▶ [DATA FOR THE TASK]:
· · · ·
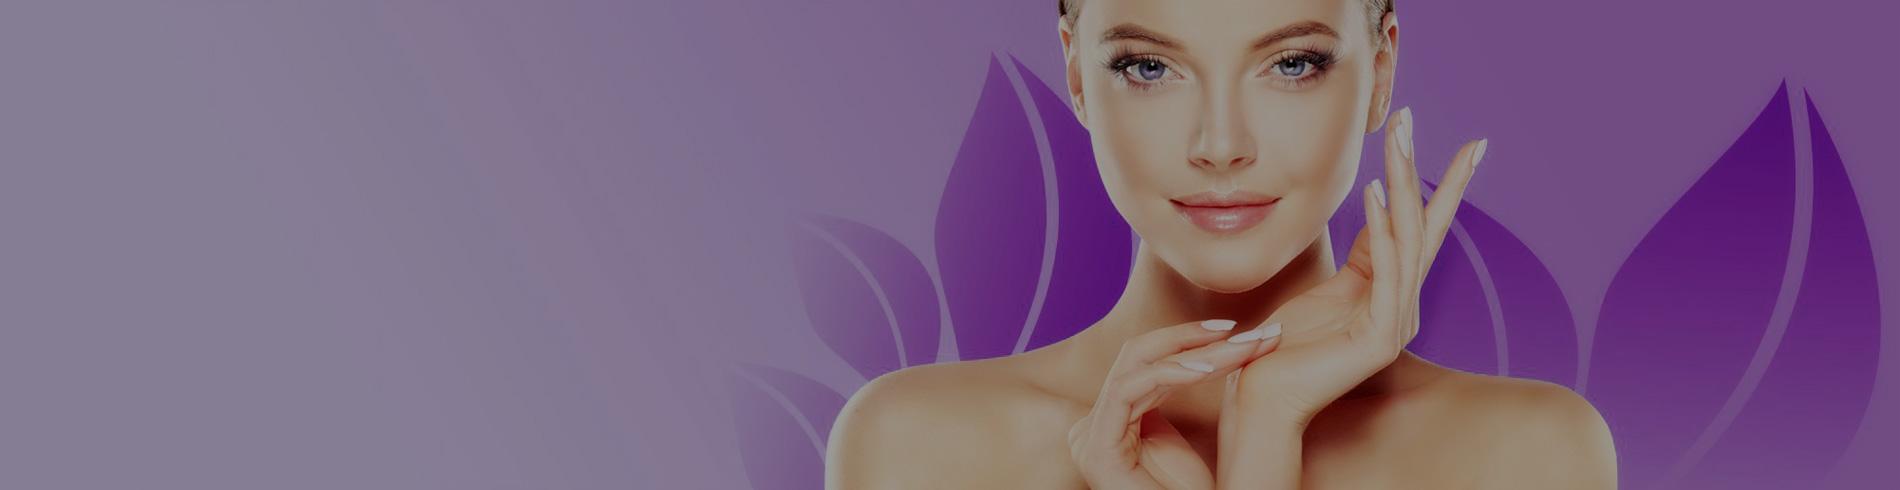 kontakt_kosmetik sudio_beautybycris
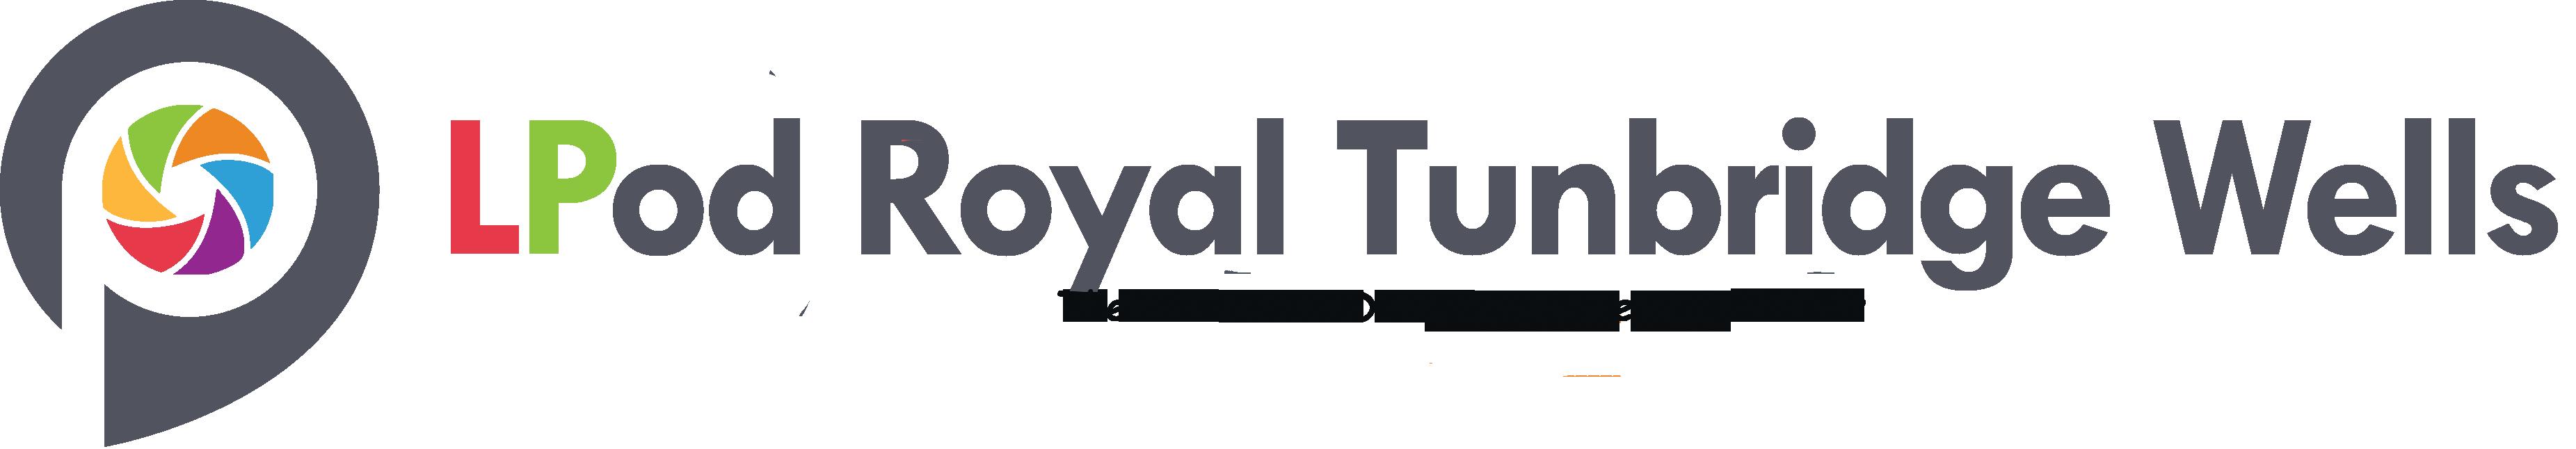 intensive driving courses royal tunbridge wells, one week driving courses royal tunbridge wells , fast pass driving courses royal tunbridge wells
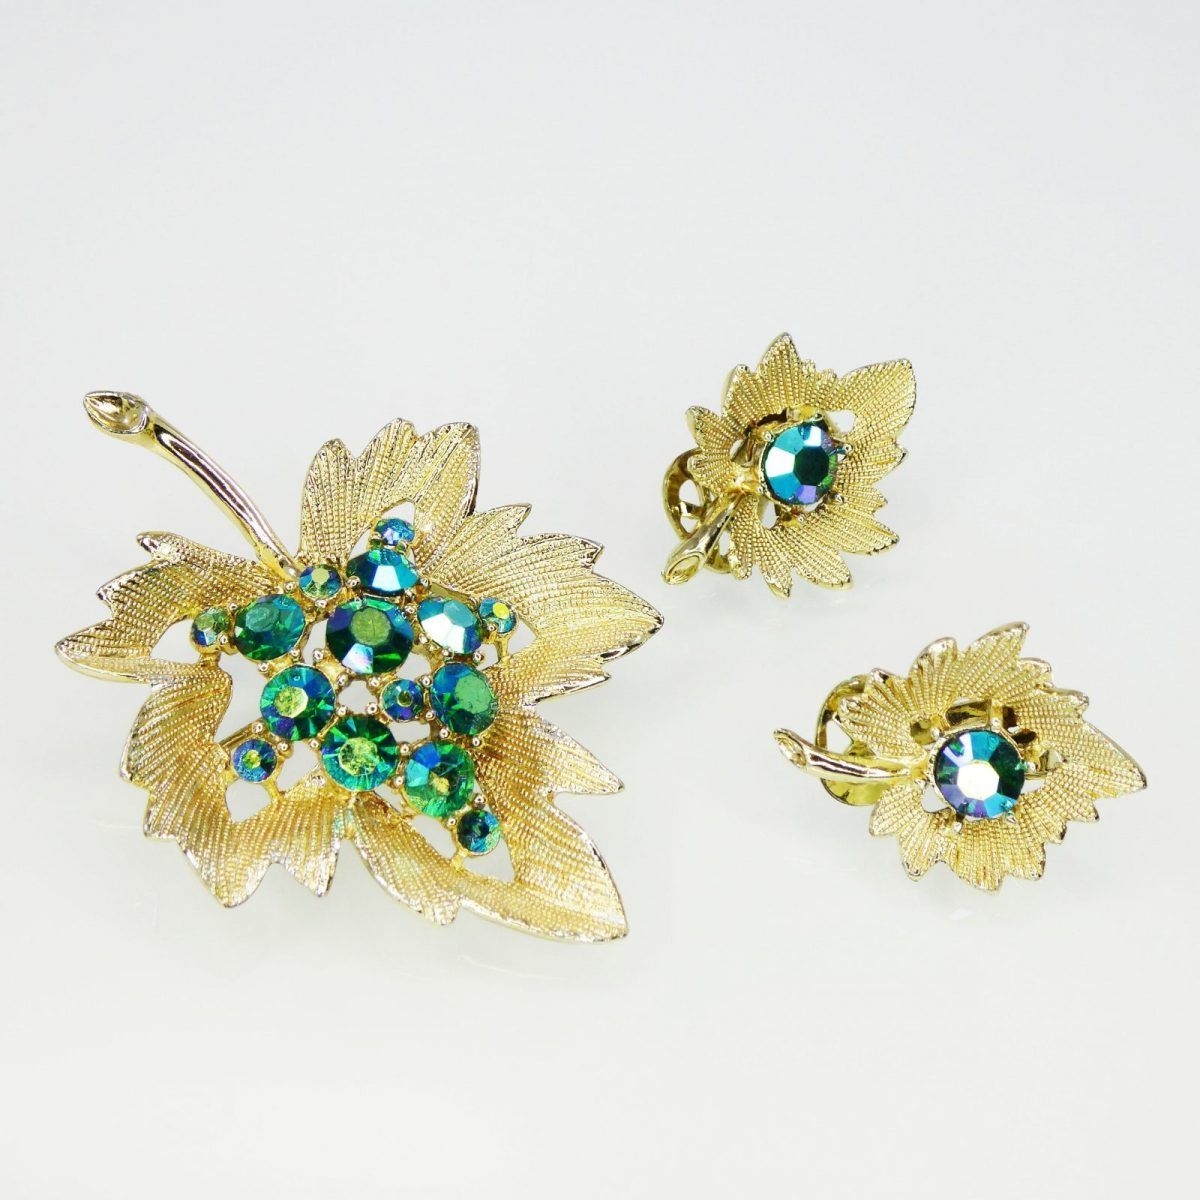 Rhinestone Leaf Brooch and Earrings Set, Green Aurora Borealis Rhinestones, Clip On Earrings & Pin Demi Parure, Vintage 1950's, Demi Parure #vintagerhinestone
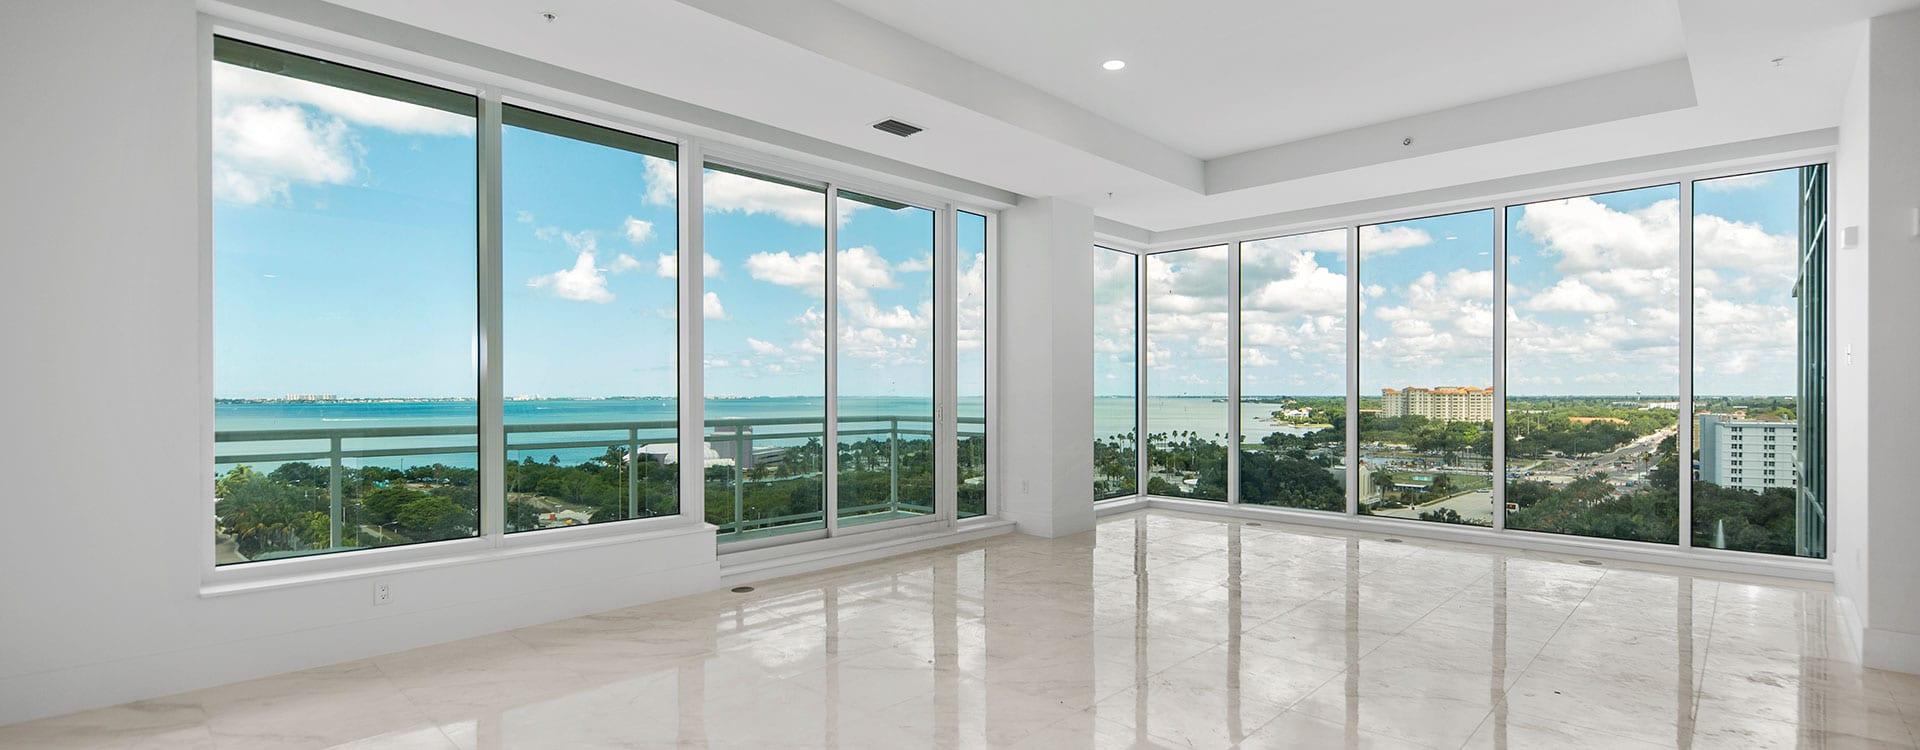 BLVD Sarasota Residence 1102 Great Room with view of the sarasota bayfront
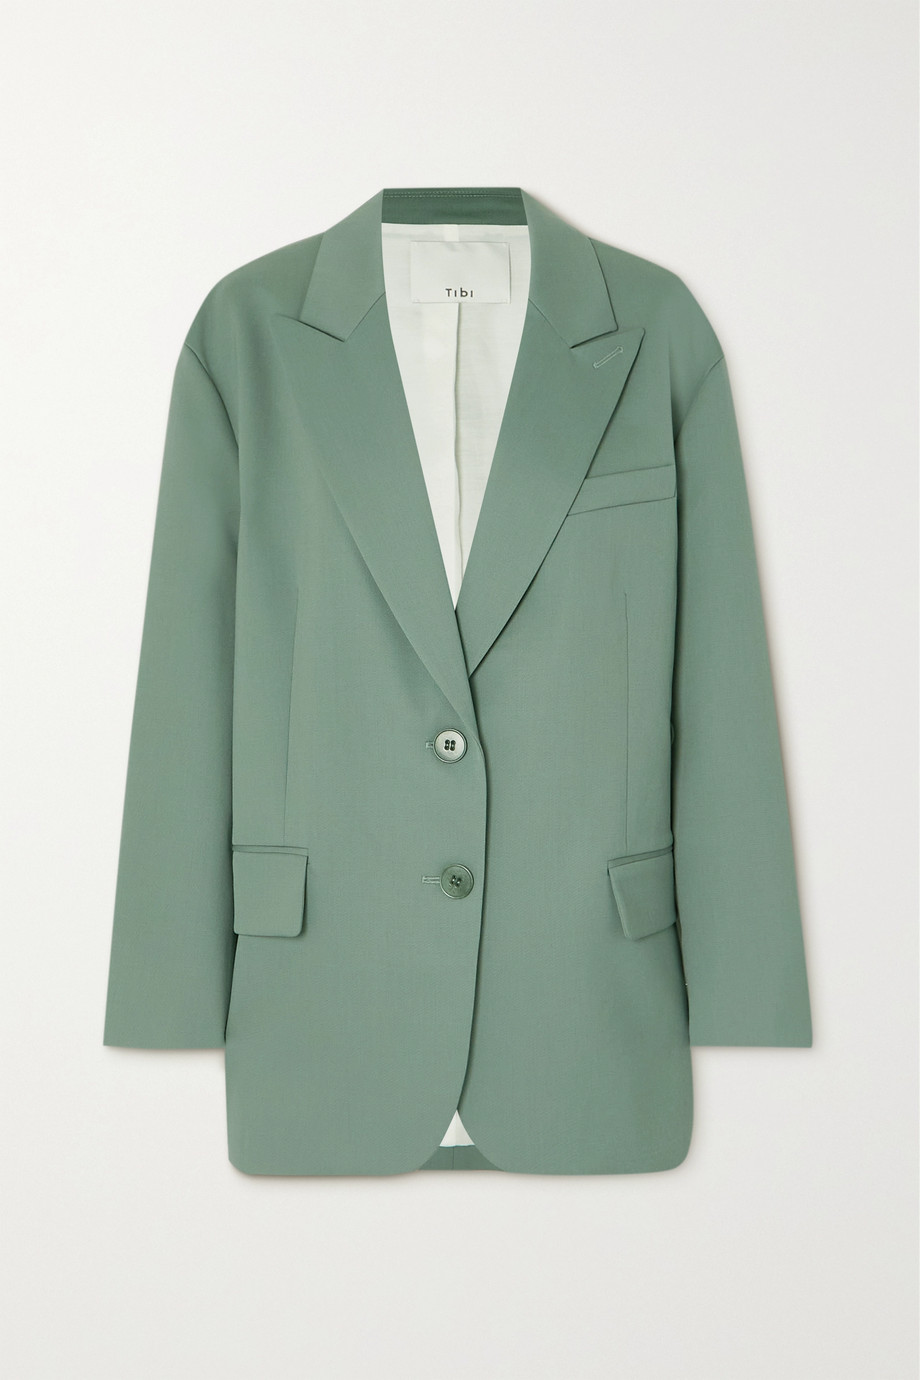 Tibi Cassius wool-blend blazer
· · · ·
▶ [WORK ITEM]:
Set down the records exactly, without the pictures.

▶ [EXERCISE RESULT]:
 kontakt_kosmetik sudio_beautybycris
 intensive driving courses royal tunbridge wells, one week driving courses royal tunbridge wells , fast pass driving courses royal tunbridge wells
 Rhinestone Leaf Brooch and Earrings Set, Green Aurora Borealis Rhinestones, Clip On Earrings & Pin Demi Parure, Vintage 1950's, Demi Parure #vintagerhinestone
 BLVD Sarasota Residence 1102 Great Room with view of the sarasota bayfront
 Tibi Cassius wool-blend blazer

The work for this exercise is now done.